No Confidence [Federal EA for Ring of Fire] – by Jeff Labine ( – March 19, 2013)

Eli Moonias says he has no confidence in the federal government’s environmental review process.

The chief of Marten Falls First Nation said there appears to be no accountability for the damage caused by the Alberta oil sands and that’s why he doesn’t trust the federal government to do a thorough job in its assessment in the Ring of Fire.

“No one is accountable with what’s happening with the Athabasca River situation,” he said. “I’m told that the poisons that seep into the river are dangerous. It will destroy the river. It will destroy life there. I don’t have confidence in the Canadian Environmental Assessment Agency. I don’t trust them at all.”

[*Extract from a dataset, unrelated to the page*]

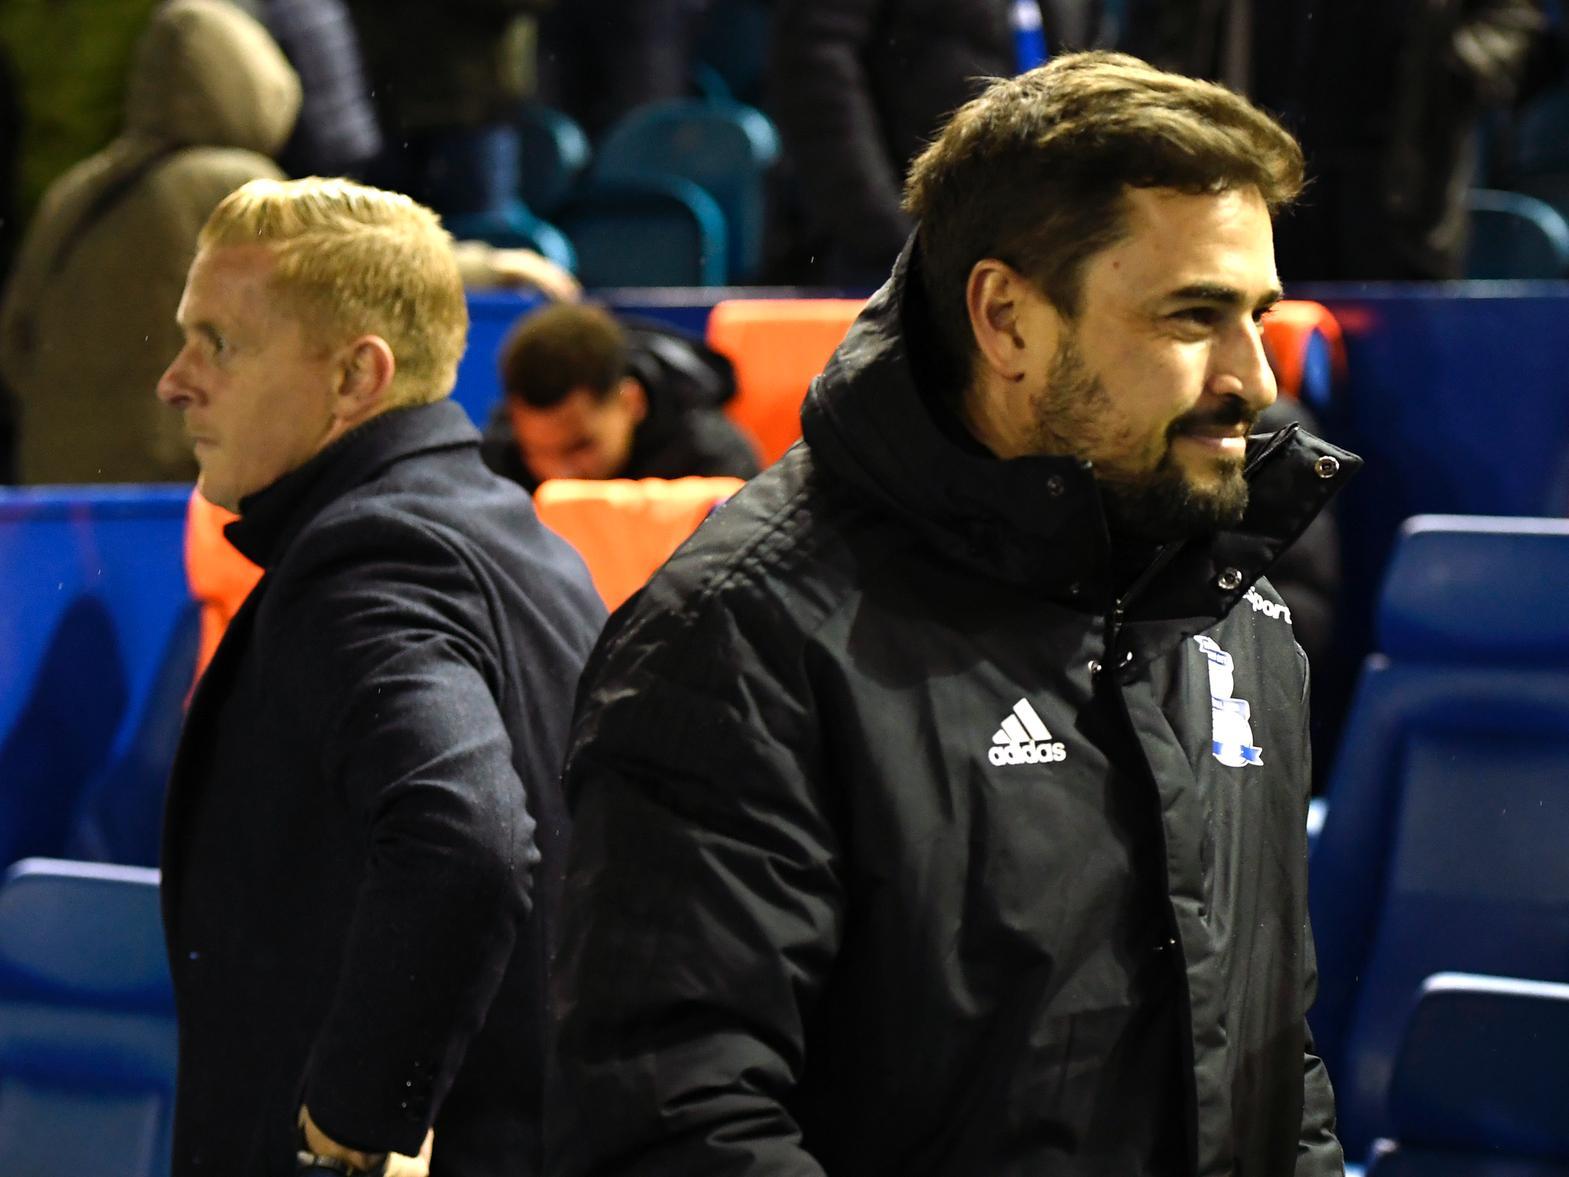 Birmingham City boss Pep Clotet has claimed that Garry Monk made him leave Leeds United against his will during their time at Elland Road, in the latest exchange between the two former colleagues. (Birmingham Mail)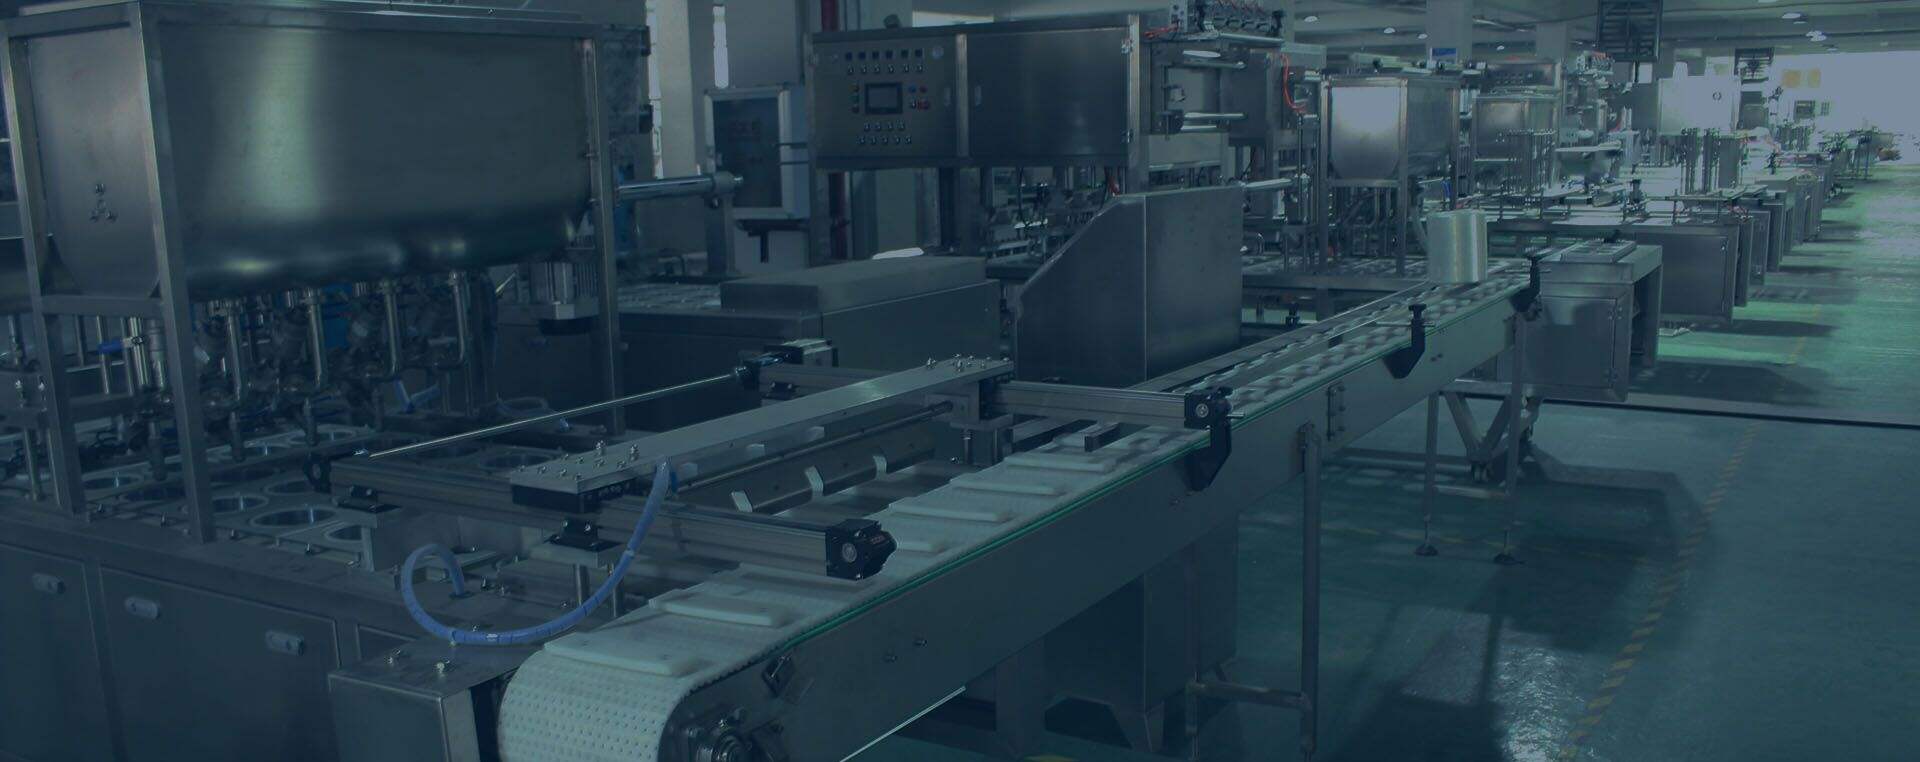 Fully Automatic Multi-Function <br>Filling And Sealing Machine

He said people have told him that some of the dangerous chemicals being used in the tar sands will also be used in the Ring of Fire.

Although Moonias didn’t know the specific dangerous the supposed chemicals, he said he wants to find out. Moonias was one of many delegates at the annual Matawa First Nations gathering at the Valhalla Inn Tuesday.

The three-day meeting gives elders, chiefs and community members a chance to meet to discuss strategies as well as celebrate successes.

One of those successes included the decision by a federal court last week to deny motions filed by the federal government and Cliffs Natural Resources to negate evidence presented in a judicial review.

First Nation communities launched the legal action in November 2011 to look into the environmental assessment in the Ring of Fire.

Moonias said they want a longer, more thorough EA process that is a joint effort between all parties including First Nations.

Officials with Cliffs have visited some First Nation communities, but they weren’t necessarily touring to discuss the EA process, he said.

Cliffs intended to have the Ring of Fire project started in a few years. With First Nation communities calling for a halt of the environmental review, Moonias said they’ll have to wait to see how the judicial review plays out.

“If we are satisfied that the waters will be protected and we won’t have a chemical soup in 40 years, I’m sure we’ll find a way to make the project be approved,” he added.